Background: Autosomal dominant polycystic kidney disease (ADPKD) is caused primarily by pathogenic variants in the PKD1 and PKD2 genes. Although the type of ADPKD variant can influence disease severity, rare, hypomorphic PKD1 variants have also been reported to modify disease severity or cause biallelic ADPKD. This study examines whether rare, additional, potentially protein-altering, non-pathogenic PKD1 variants contribute to ADPKD phenotypic outcomes.

Methods: We investigated the prevalence of rare, additional, potentially protein-altering PKD1 variants in patients with PKD1-associated ADPKD. The association between rare, additional, potentially protein-altering variants and phenotypic outcomes, including progression to kidney failure, age at onset of hypertension and urological events, height-adjusted total kidney volume, and predicting renal outcomes in PKD (PROPKD) score, were examined.

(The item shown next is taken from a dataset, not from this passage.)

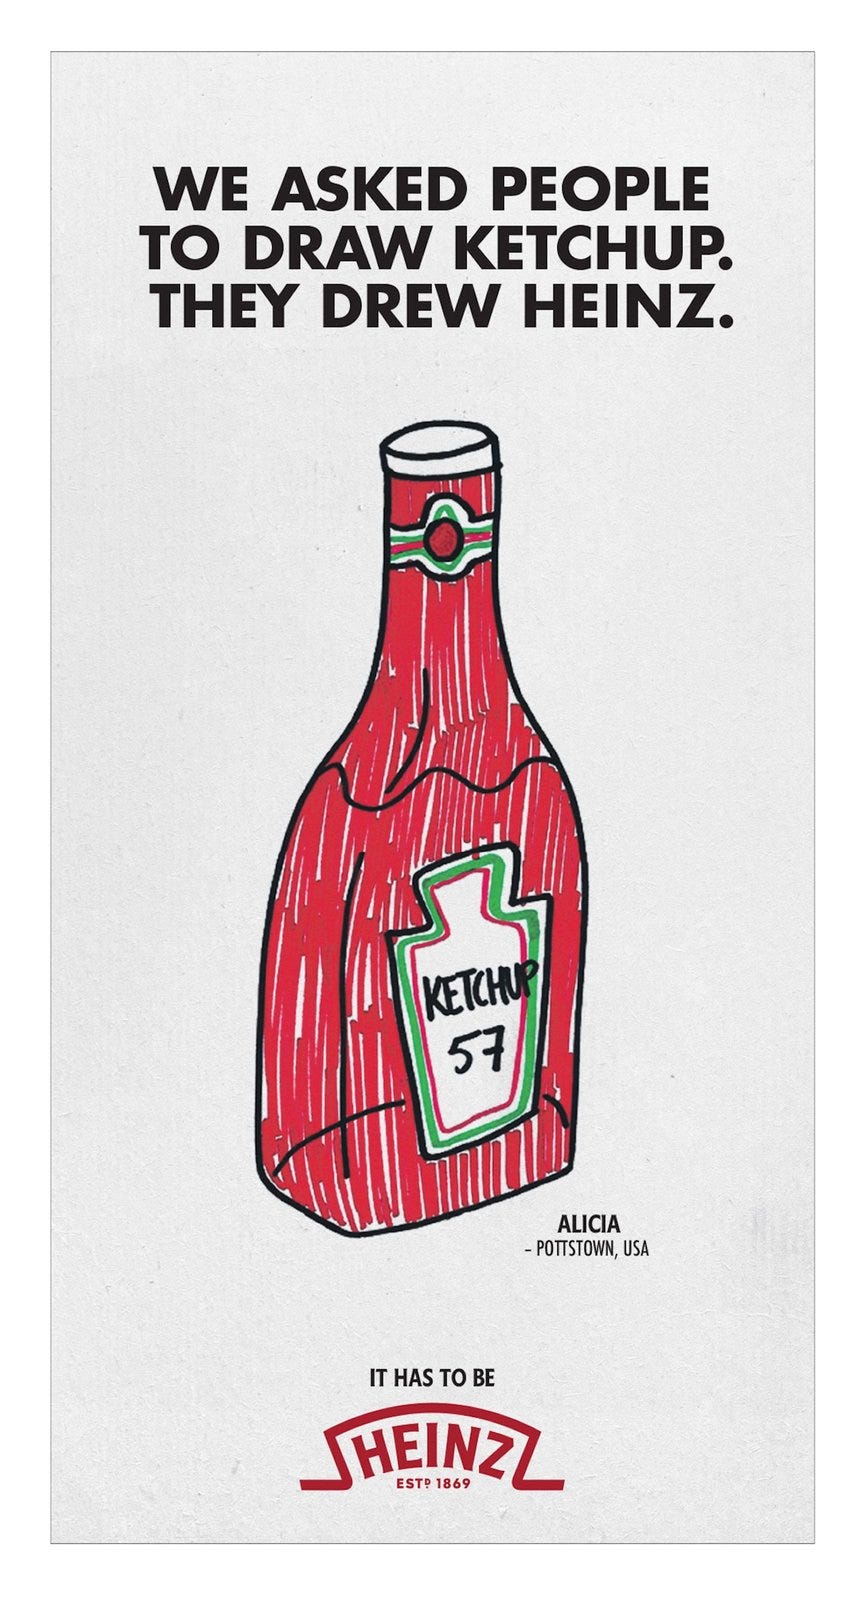 Heinz — Draw Ketchup (Ketchup = Heinz), by Vejay Anand
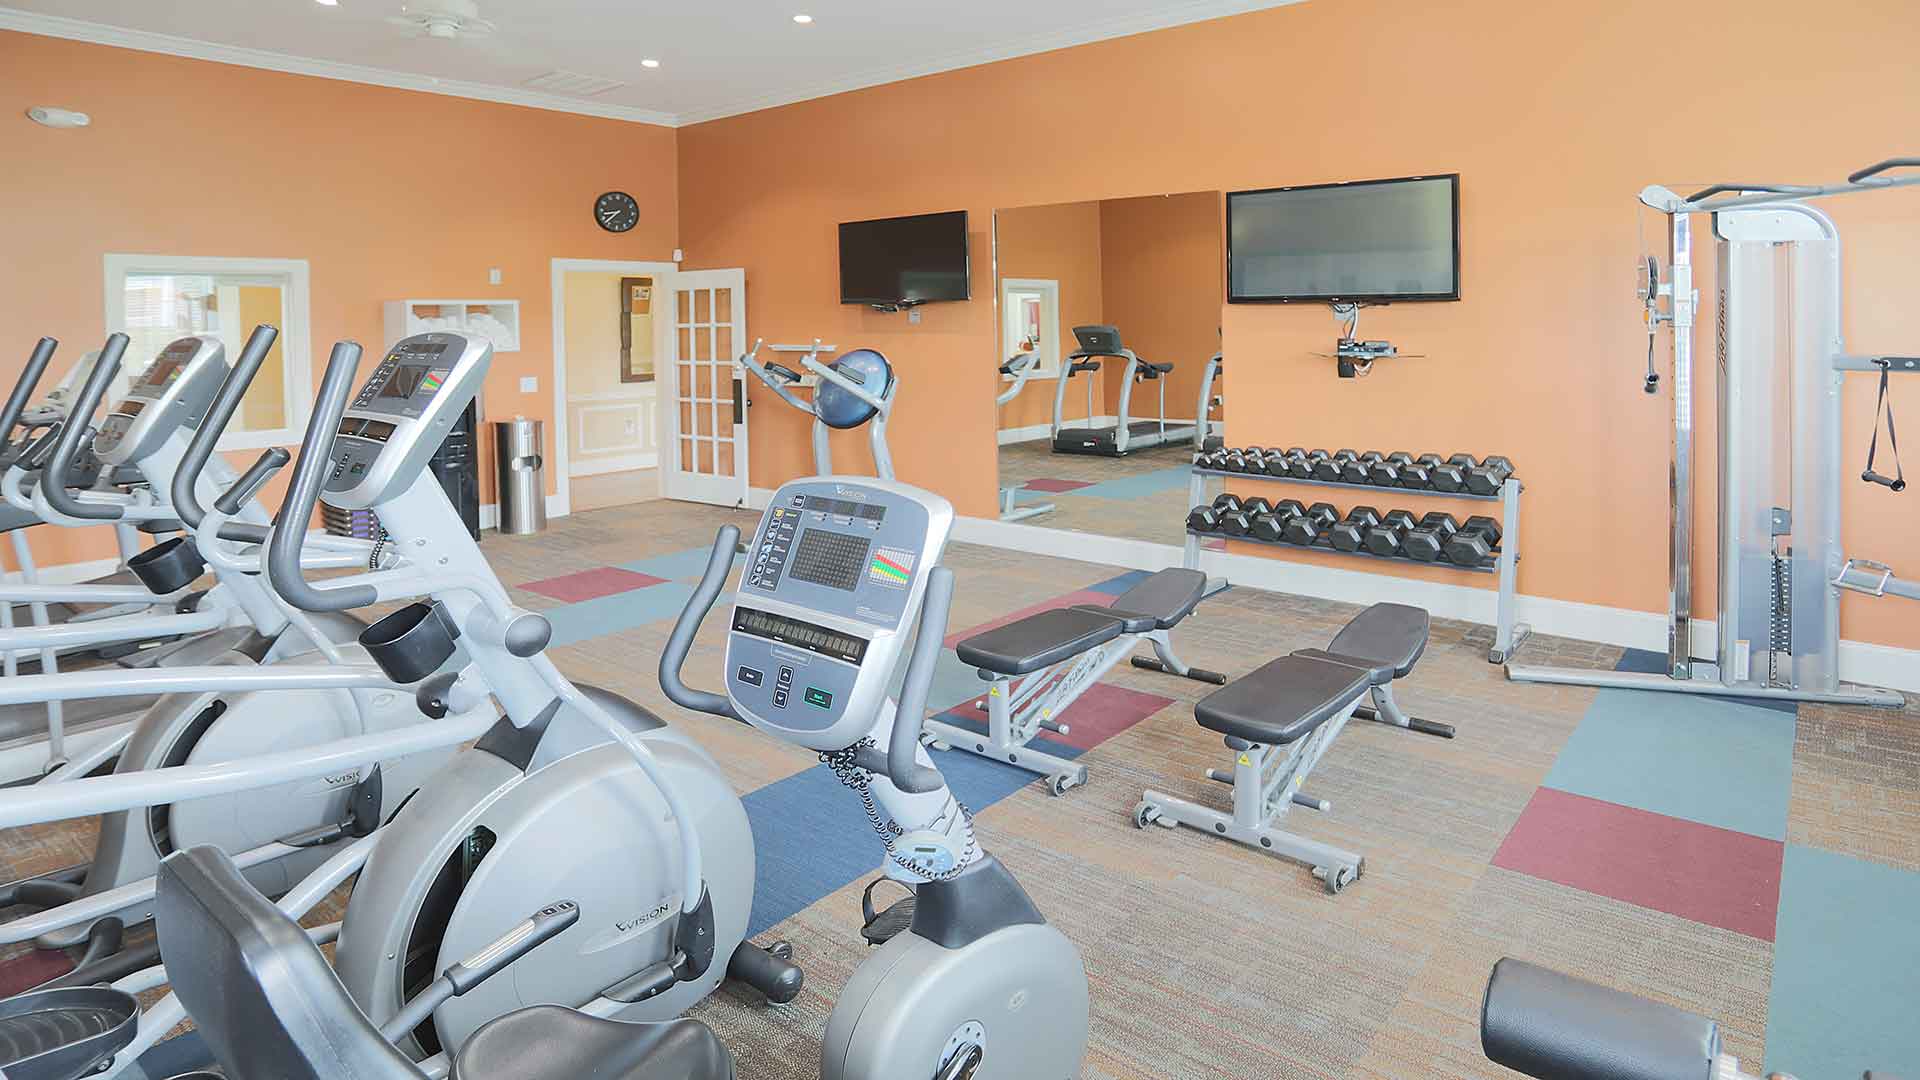 Fitness room with cardio machines and dumbbells.

Results: Rare, additional, potentially protein-altering variants were detected in 6% of the 932 ADPKD patients in the study. The presence of rare, additional, potentially protein-altering variants was associated with 4 years earlier progression to kidney failure (hazard ratio (HR): 1.66; 95% confidence interval (CI): 1.18-2.34; P = 0.003), with in-trans rare, additional, potentially protein-altering variants (n = 13/894) showing a greater risk of kidney failure (HR: 1.83; 95% CI 1.00-3.33; P = 0.049). We did not detect statistically significant differences between rare, additional, potentially protein-altering variants and other phenotypic outcomes compared to those without rare, additional, potentially protein-altering variants.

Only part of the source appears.